Labor Law §240: Conflicting testimony re: cause of accident precludes summary judgment on Labor Law §240: Plaintiff claimed that while descending a 16 foot extension ladderwhich was only tied on one side, it wobbled, causing him to fall 10 feet and be injured. Defendants submitted deposition testimony that ladder was tied on both sides and that plaintiff and plaintiff’s foreman both stated that hat plaintiff fell from the ladder while descending because he missed a rung. Moreover, the accident report signed by plaintiff states that the accident occurred when plaintiff missed a rung and fell off. Defendants also submitted an affidavit from plaintiff’s foreman that plaintiff fell because he missed a rung on the ladder. The conflict between plaintiff’s deposition testimony and the defendant’s submissions precluded the Court from determining as a matter of law whether defendants were liable under Labor Law §240 for providing plaintiff with a defective of malfunctioning ladder or, alternatively, whether plaintiff’s conduct was the sole proximate cause of the fall. Antenucci v. Three Dogs, LLC, - AD3d - (1st Dept., 2007).
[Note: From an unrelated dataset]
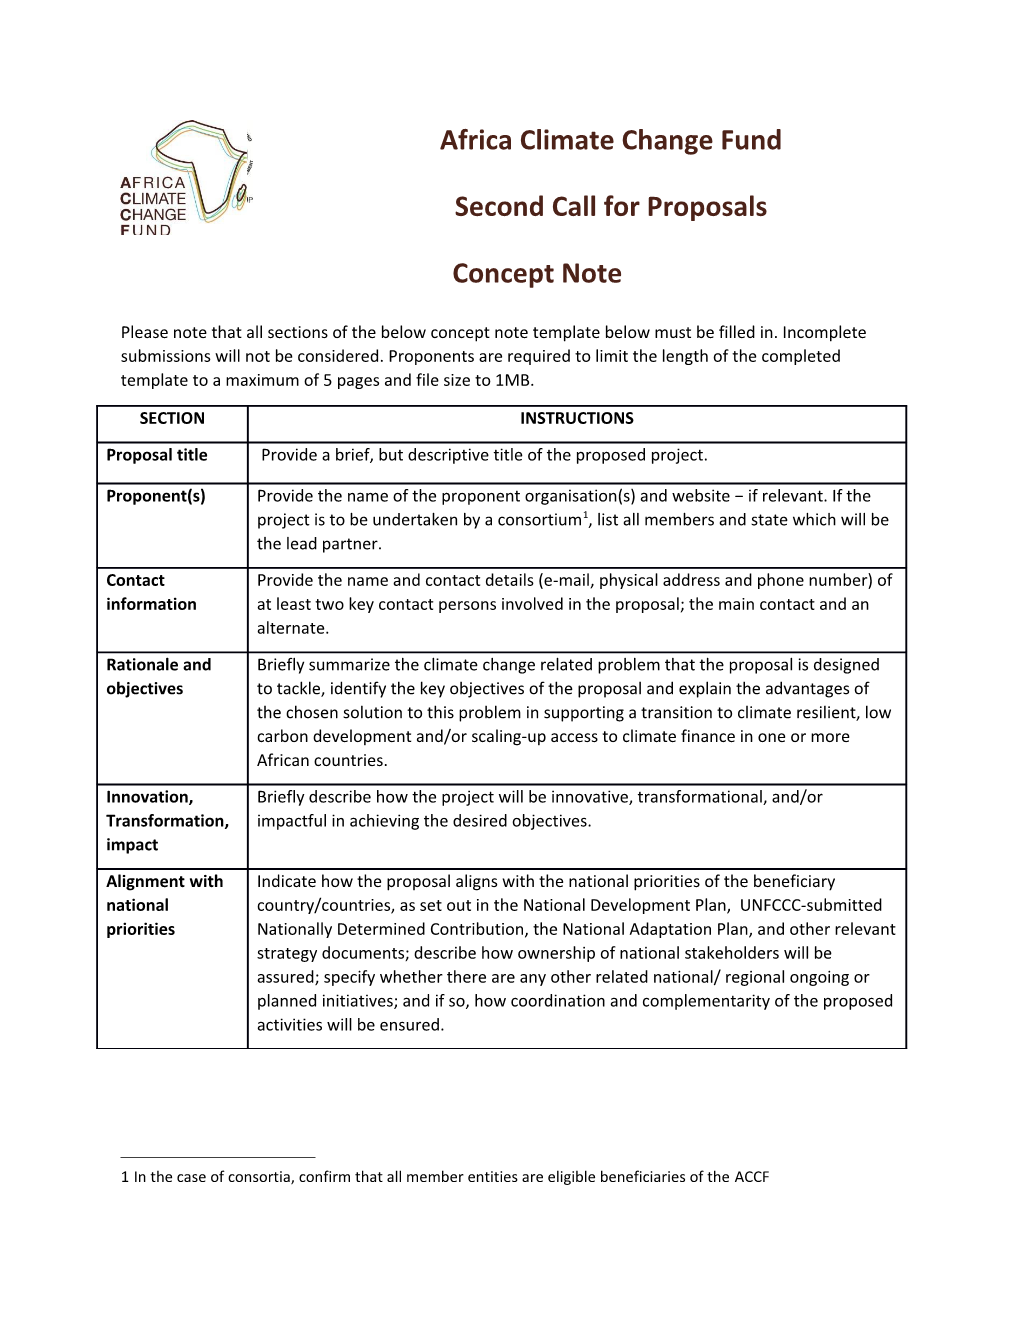 Second Call for Proposals

Labor Law §240: Applies when the injuries caused by an effort to prevent an object from falling: Plaintiff was working on the 7th floor of a building. The needed materials were supplied in a bucket on a pulley system which lacked brake system. At the time of the accident a bucket was overloaded with 200 pounds of bolts, etc. when it became stuck under the floor. Plaintiff pulled on the line in an attempt to dislodge the bucket, but a co-worker, believing plaintiff had unloaded the bucket, let go of the line. Concerned for the safety of the fellow worker, plaintiff grabbed the bucket with his other hand to prevent it from falling, which caused him to fall off the beam 6 or 8 feet, until his safety line abruptly halted his descent. The Court held that the proximate cause of plaintiff’s injuries was the lack of a brake mechanism on the pulley system which was a failure to provide proper protection against elevated risks. The Court held that Labor Law §240 applied since the safety devices proved inadequate to shield plaintiff from gravity related injuries. Defendants argued that liability in cases involving hoists can only be imposed when the object falls on the worker. The Court held that this reliance is misplaced. It is sufficient to demonstrate that an injury was caused by an effort to prevent an object from falling. Lopez v. Boston Properties, Inc., - AD3d - (1st Dept., 2007).
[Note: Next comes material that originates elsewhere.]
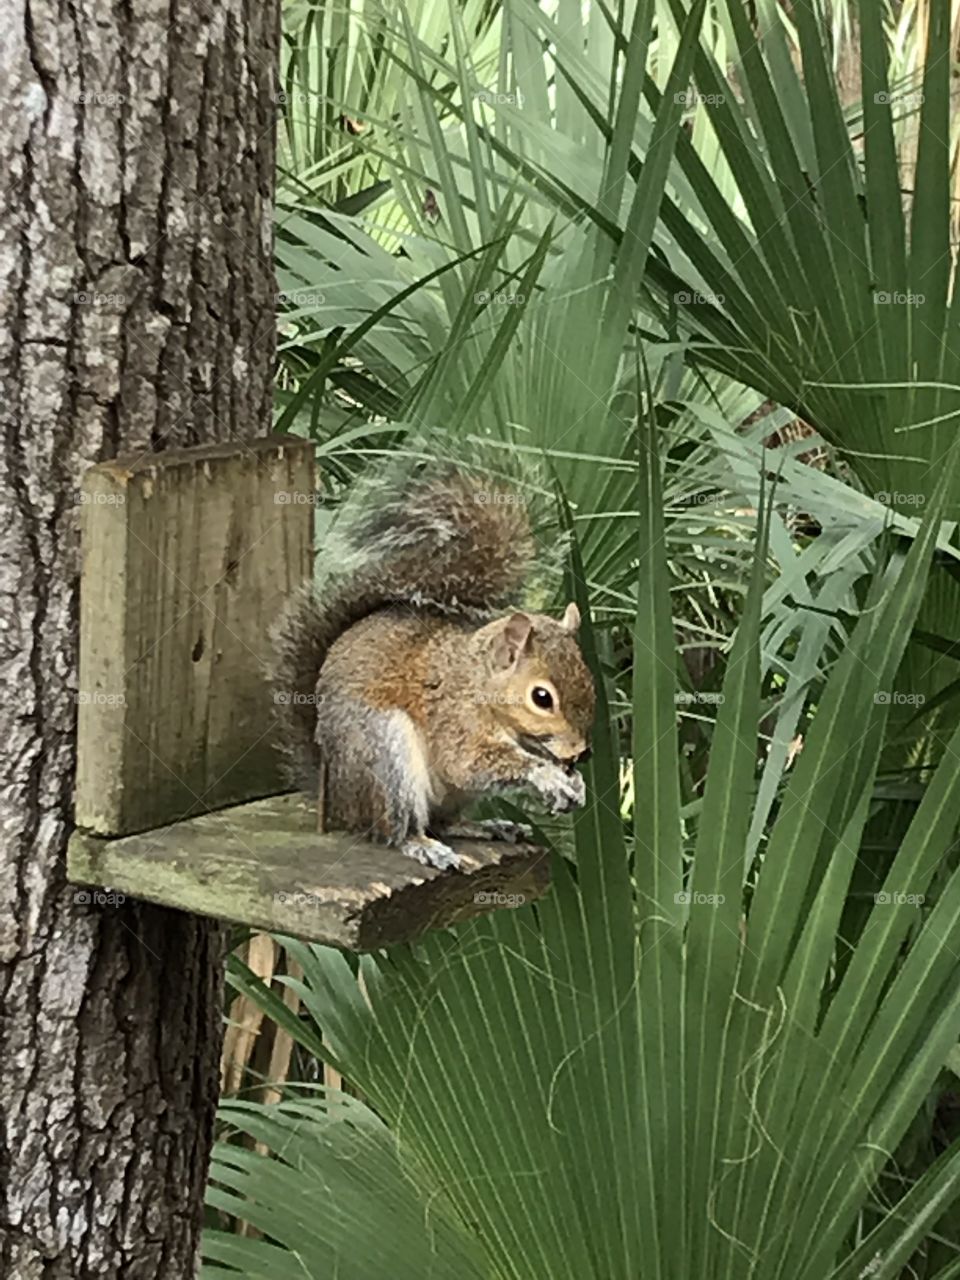 A Squirrel enjoying his lunch among the palms in the woods

Labor Law §240: Fall from permanent stairway not a Labor Law §240 claim. Plaintiff was a construction worker engaged in finish work on the construction of a modular home. He attempted to climb a set of permanent stairs which collapsed, causing him to fall 18 feet through a hole in the first floor to the concrete floor of the basement. Plaintiff argued that he was using the stairway to access the second floor and thus, it was the functional equivalent of a ladder within the meaning of that statute. The Court held that such a structure functions as a permanent passageway between two parts of a building, not as a tool or device that is employed for the expressed purposes of gaining access to an elevated work site. Thus, the claim was properly dismissed. Milanese v. Kellerman, - AD3d - (3rd Dept., 2007).

Labor Law §240: Application When plaintiff hit with load of cinder blocks: Plaintiff was struck with a load of cinder blocks that became lose and fell on him. The load was being hoisted from a flat bed truck and lowered onto a pallet near where he was standing. The Court held that the elevation risk fell within the parameters of Labor Law §240 and warranted summary judgment. Gonzalez v. Glenwood Mason Supply, - AD3d - (1st Dept., June 28, 2007).
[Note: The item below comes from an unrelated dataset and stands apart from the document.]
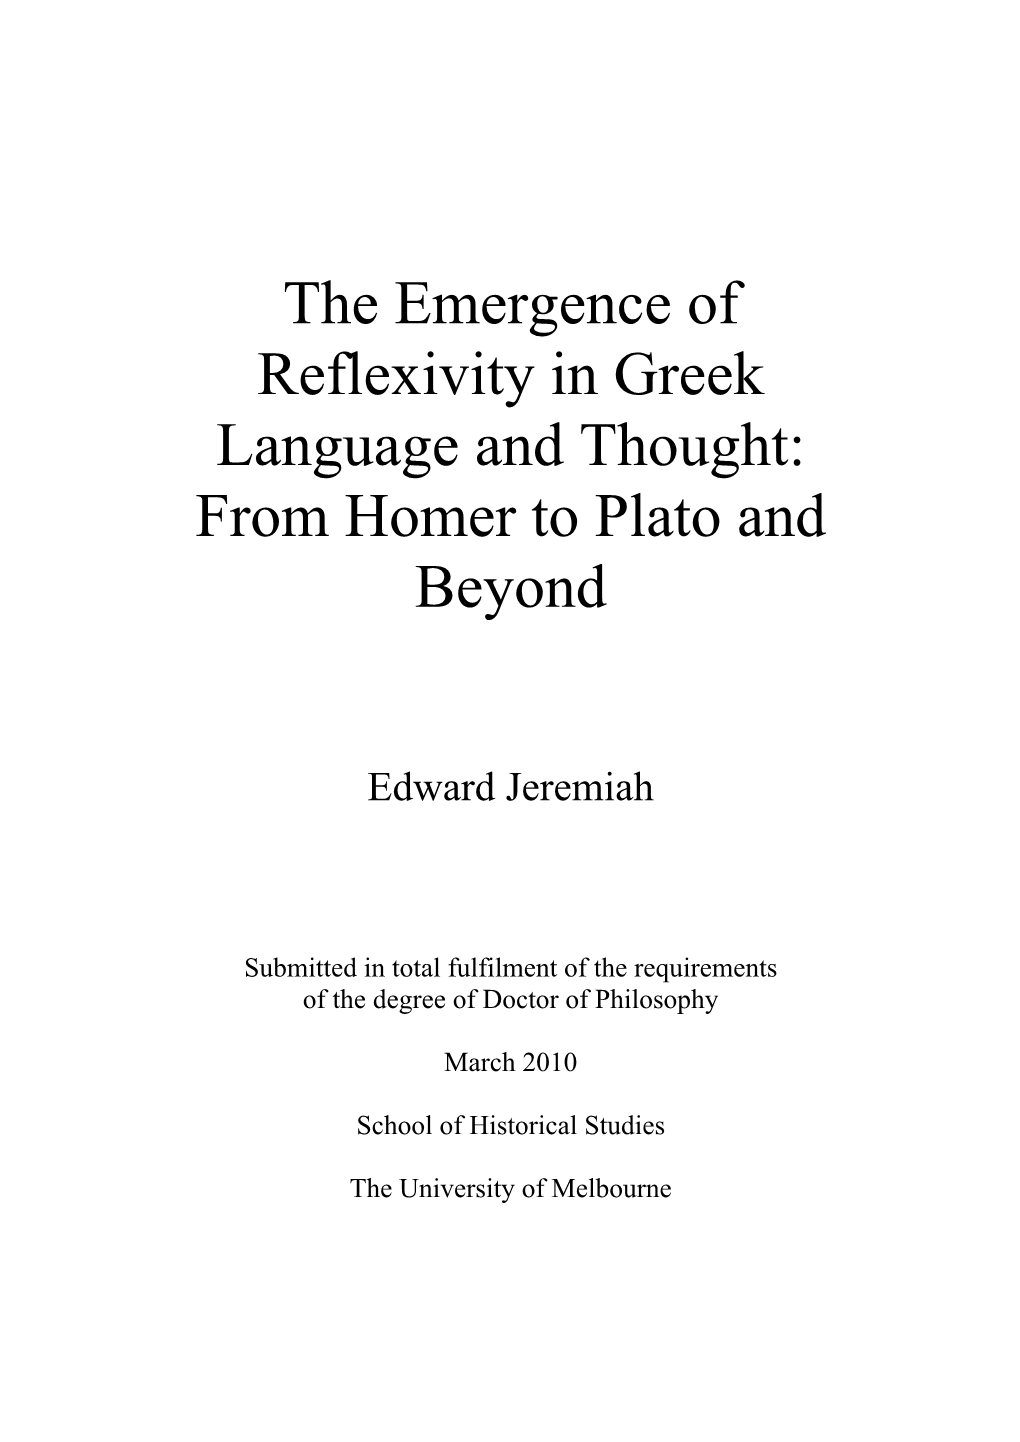 The Emergence of Reflexivity in Greek Language and Thought: from Homer to Plato and Beyond

Labor Law §240: Landlord/owner not liable under §240 for work done in contravention of lease and without his permission: Defendant landlord leased commercial property to the tenant pursuant to written agreement preventing tenant from making any structural alterations to the interior or exterior without written consent and providing that all plans for work are subject to landlords prior approval. Without obtaining landlord’s approval or even notifying landlord, the tenant hired plaintiff to make repairs and changes to the premises. Tenant supplied plaintiff with an extension ladder to reach the top of a wall. Plaintiff leaned ladder against the wall and as he descended, it slipped and he fell to the floor. The Court held that because the work was performed without the landlord’s knowledge and in violation of the lease requirement regarding prior consent, the landlord cannot be held liable under Labor Law §240. The Court noted that the landlord cannot be charged with the duty of providing the safe work conditions contemplated under Labor Law §240 when he/she has no knowledge that any work is being conducted. Moralis v. D&A Food Service, - AD3d - (1st Dept., 2007).

Labor Law §200, §240 and §241(6): Question of fact regarding whether single family property owner/previous employer of plaintiff controlled renovation: The defendant owned a construction which had employed plaintiff before the accident on an unrelated job. The Court held that there was a question of fact as to whether this owner exercised the requisite degree of direction and control over the renovation of his home in order to impose liability under Labor Law §240 and §241(6). As there is such a question regarding direction and control, there is also a question of fact as to whether this owner is liable under Labor Law §200 or common law negligence. Boccio v. Bozik, - AD3d - (2nd Dept., J2007).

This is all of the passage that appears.